Морган поднял глаза и обнаружил, что стоит возле входа в Грот Часов --
мрачную глубокую пещеру, которая уже три столетия служила герцогам
Корвинским местом для уединения и медитации. Садовники побывали и тут, они
убрали и сожгли палую листву, но у самого входа все еще лежал мусор.
Помедлив, Морган решительно толкнул скрипучие железные двери и вошел. Взяв
зажженный факел из железной скобы в стене, он носком сапога разгреб
оставшийся от зимы мусор и двинулся в холодный мрак.

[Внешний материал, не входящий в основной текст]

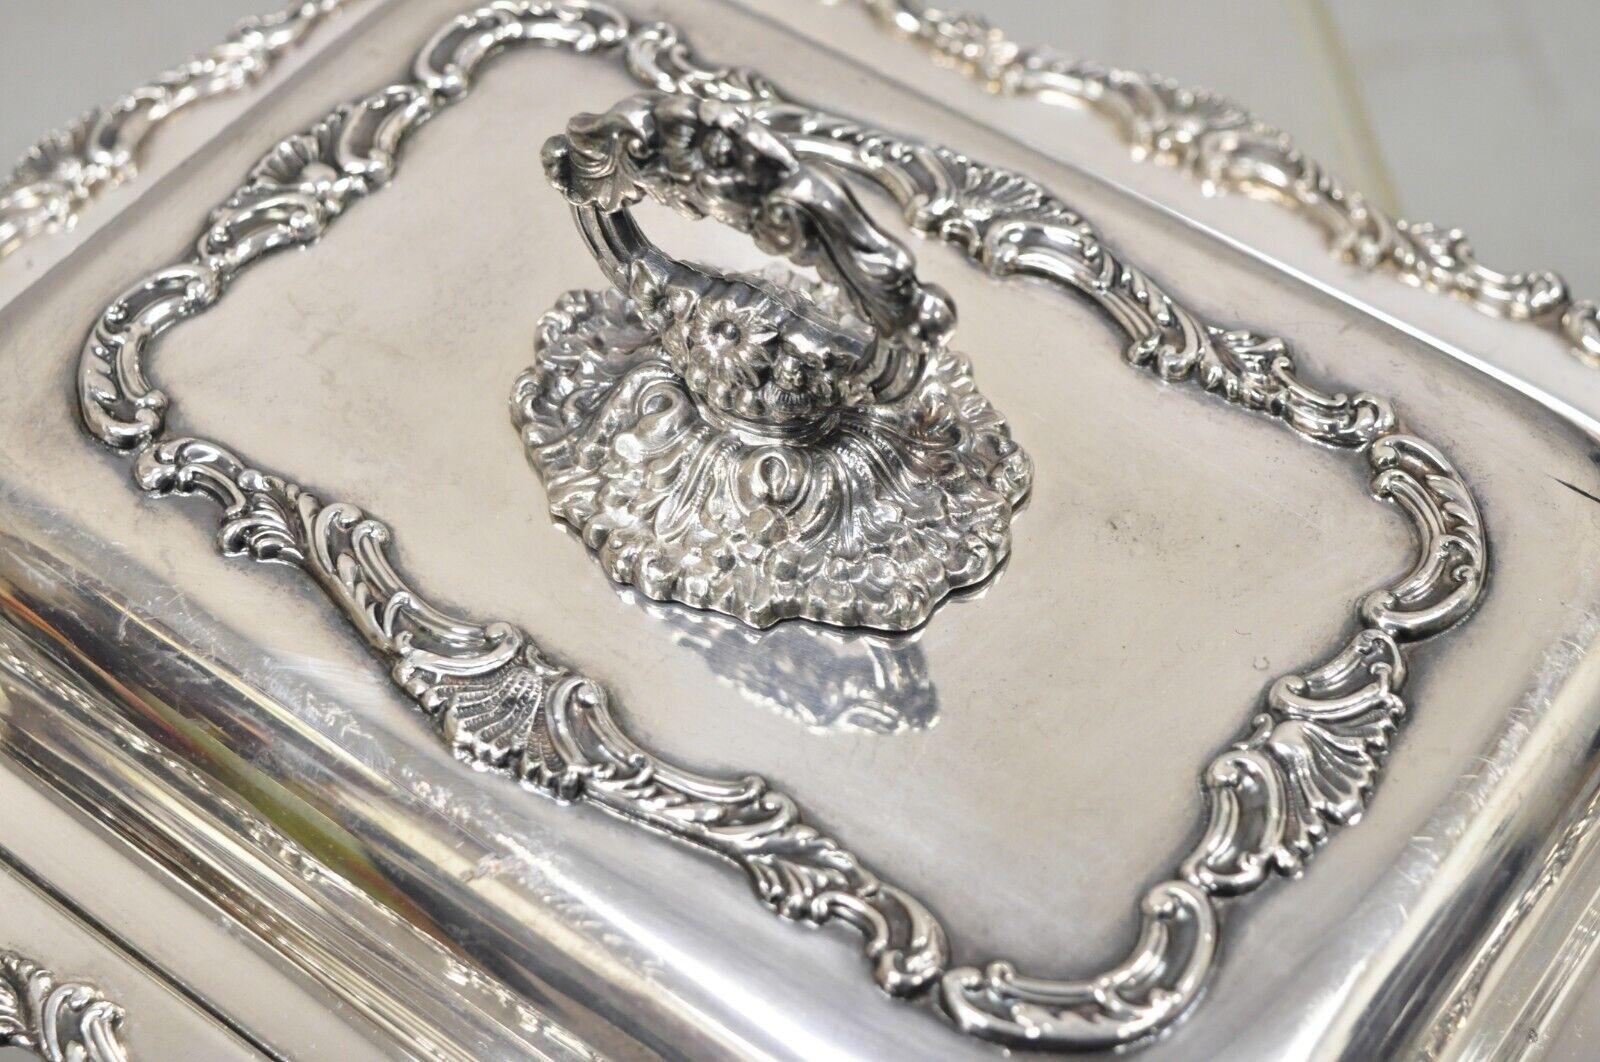 Vintage Silver Plated Victorian Style Ornate Lidded Covered Serving Dish In Good Condition For Sale In Philadelphia, PA

Внутри Грот Часов был совсем небольшой. Снаружи его свод выступал футов
на двадцать над землей и был похож на обломок скалы, выходящий на
поверхность посреди садовой дорожки. Весной и летом на нем зеленели деревца
и кусты, покрытые пестрыми цветами. По одному склону постоянно стекали
прозрачные струи небольшого водопада.
Изнутри, грот, как и было задумано, казался настоящей пещерой с сырыми,
грубо обтесанными стенами. Едва Морган вошел во внутренний зал, он отчетливо
ощутил над головой близость низкого сводчатого потолка; тонкий лучик света
пробивался сквозь забранное решеткой окно на противоположной стене и падал
на холодный черный мрамор саркофага, особенно бросавшегося в глаза в той
части покоя -- это была гробница Доминика, первого герцога Корвинского. В
центре зала находилось кресло, вытесанное из камня и обращенное к гробнице.
На крышке саркофага стоял металлический подсвечник, потускневший за зиму, а
огарок свечи погрызли мыши.
Однако Морган вошел сегодня в грот не для того, чтобы
засвидетельствовать почтение своему далекому предку. Он направился в самый
конец зала, где боковую стену, гладкую и ровную, украшали мозаичные портреты
тех, чье благословение, как полагали, хранило Корвинский двор.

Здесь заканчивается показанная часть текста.